Filosofía y humanismo
De los numerosos sabios nacidos en al-Ándalus con posterioridad, tres de ellos merecen mención especial. Los tres eran admiradores de Aristóteles y trataron de reconciliar la sabiduría de los antiguos con las verdades del Islam. Al zaragozano Ibn Baÿÿa o Avempace (¿1070?-1138) se le recuerda principalmente por su obra «El régimen del solitario», crítica del materialismo y la mundanalidad de la sociedad musulmana de entonces. Sus ideas fueron ampliadas por el granadino Ibn Tufail (1110-1185), autor de una notable novela alegórica que llegó a conocerse en el resto de Europa a través de las traducciones al latín y a otros idiomas. Su héroe, Hayy Ibn Yaqzán —antepasado del Robinson Crusoe, de Defoe; del Emilio, de Rousseau, y del Mowgli, de Kipling— es un niño abandonado al que amamanta una gacela. El niño va creciendo hasta alcanzar, mediante la observación y el razonamiento, no solo la comprensión del mundo material, sino a través de la contemplación mística, la comprensión del Unico Hacedor. Finalmente, encuentra a su «hombre Viernes» en forma de ermitaño musulmán, y se da cuenta de que las verdades que él había descubierto con la luz de la razón eran las mismas que las enseñadas por la religión revelada (cfr.
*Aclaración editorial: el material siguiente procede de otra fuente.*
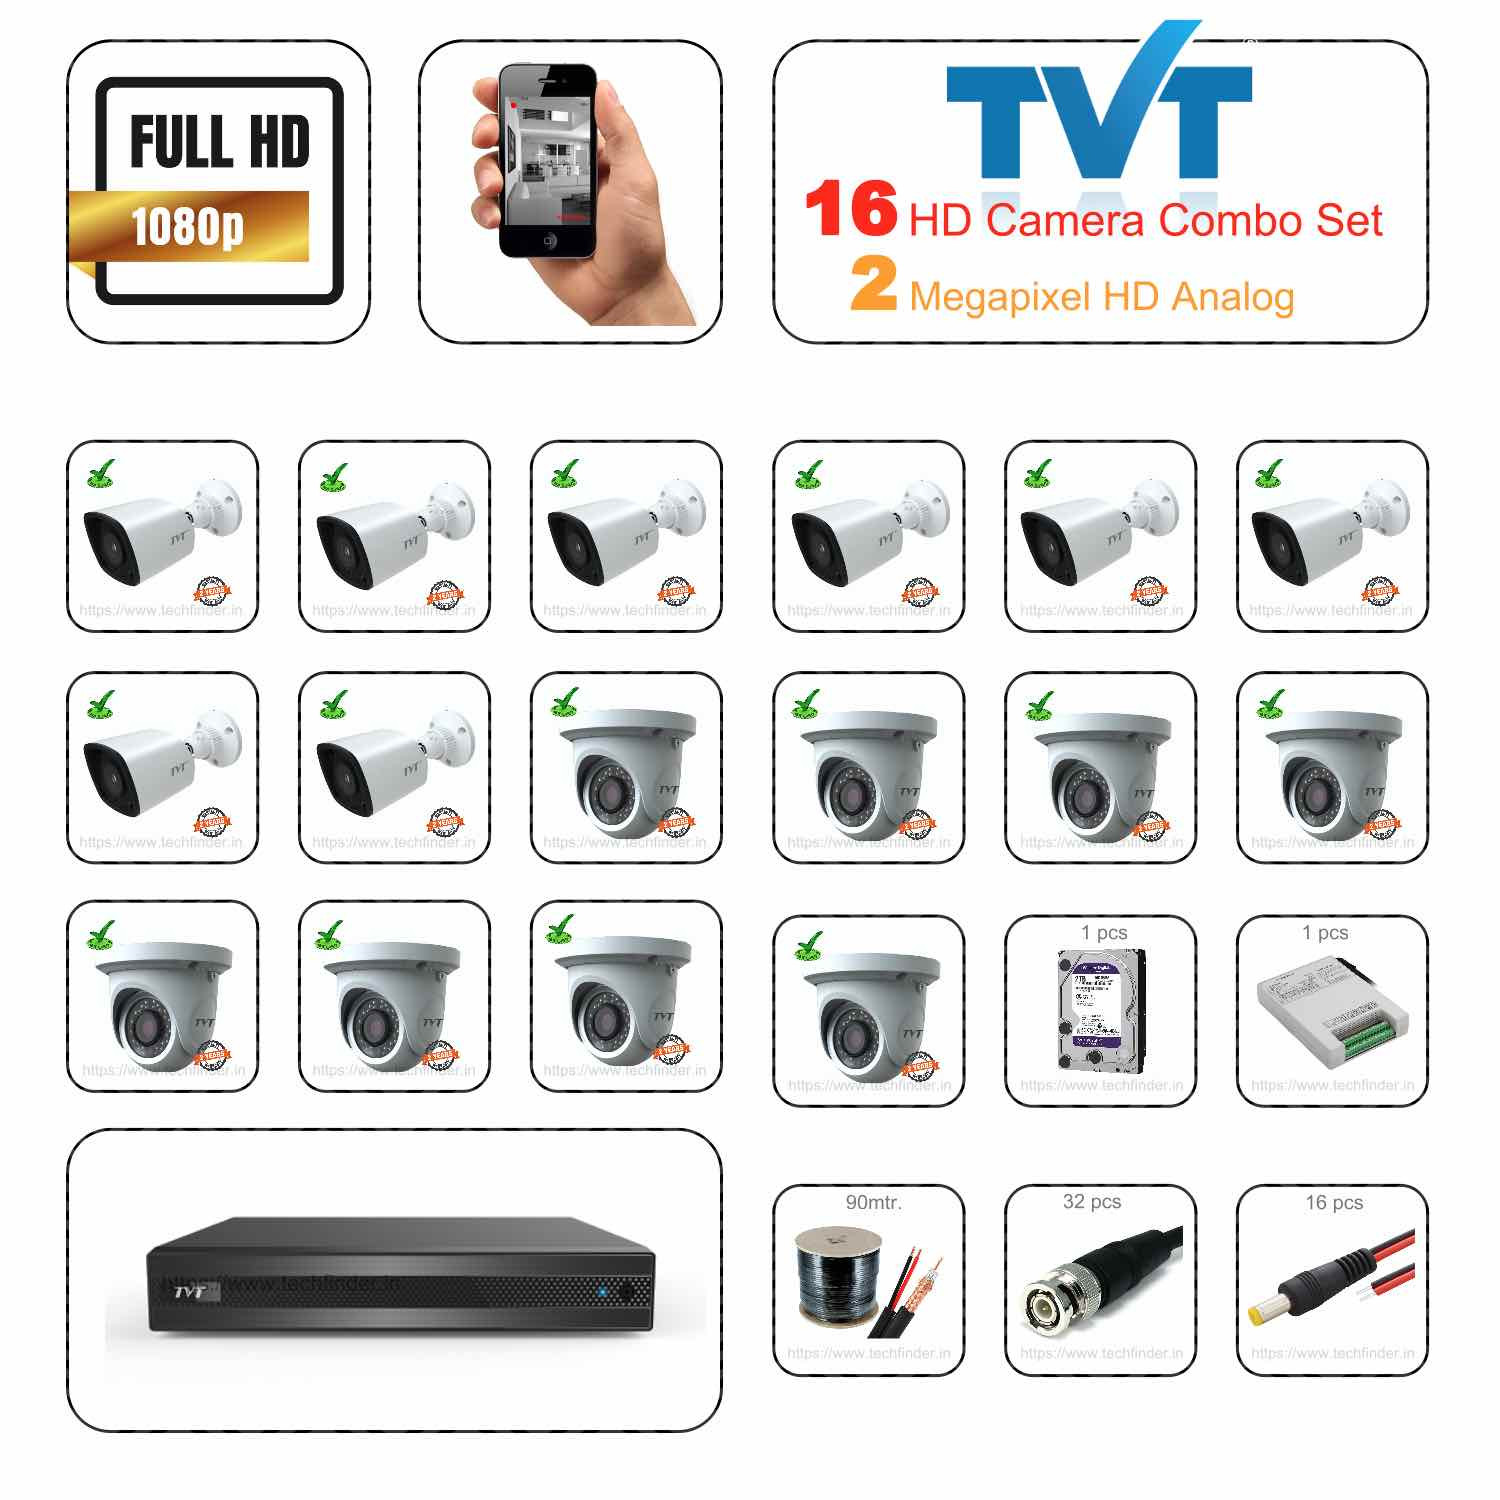 TVT HD 16 Camera Set Combo Kit

Ibn Tufail: El Filósofo Autodidacto, Trotta, Madrid, 1995).
El mismo tema, la Armonía de la Religión y la Filosofía, constituye el pensamiento central del filósofo y médico cordobés Ibn Rushd, más conocido como Averroes (1126-1198). Este sostenía que la filosofía y la religión eran dos caminos igualmente válidos y complementarios para conocerse a sí mismo y conocer a Dios, y se esforzó en reconciliar ambas en sus escritos y comentarios. Como las obras de Averroes fueron denunciadas como impías por ciertos jurisperitos envidiosos y desubicados, hallaron escaso eco en el resto del mundo islámico. No obstante,. llegaron a ser ávidamente estudiadas, discutidas y, finalmente, exaltadas en los foros universitarios e intelectuales de la Europa medieval y renacentista, iluminando las obras de san Alberto Magno, santo Tomás de Aquino, Roger Bacon y muchos otros, incluso los racionalistas de los siglos XVII y XVIII como Spinoza, Descartes y Kant. El pensamiento de estos sabios cristianos también recibió las influencias de otro cordobés y colega de Averroes, el médico-filósofo judío en lengua árabe Maimónides (1135-1204) que también trató de sintetizar fe y razón.
Gnosticismo e inspiración mística
Al-Ándalus también fue la cuna de la mística islámica occidental, que en el siglo XVI inspiraría la obra de santa Teresa de Avila (1515-1582) y san Juan de la Cruz (1542-1591). El primer sufí hispanomusulmán del que tengamos noticia es el filósofo cordobés Ibn Masarra (883-931) que vivió bajo la protección de Abderrahmán III. No se han conservado sus escritos, pero, al parecer, estuvo influido por el filósofo greco-siciliano Empédocles de Agrigento (490-430 a.C.). A finales del siglo XII, se hallaban sufíes en todas las regiones de la España musulmana. El murciano Ibn al-Arabi (1165-1240), llamado Sheij al-Akbar (“El Doctor máximo”) e Ibn Aflatún (“El Hijo de Platón) dejó descripciones de 55 de ellos. Ibn al-Arabi murió en Damasco después de toda una vida empleada en el estudio y las experiencias místicas. De los 400 o más libros que le atribuyen sus biógrafos, uno titulado en árabe Futuhat al-Makkiyya (“Revelaciones de La Meca”) dejó una profunda huella en la cultura occidental. Proporcionó antecedentes a la ficción poética de Dante Alighieri (1265-1321) de un viaje por los reinos de ultratumba, con su topografía geométrica, sus vislumbres de la gloria de los elegidos y su beatifíca visión del esplendor divino.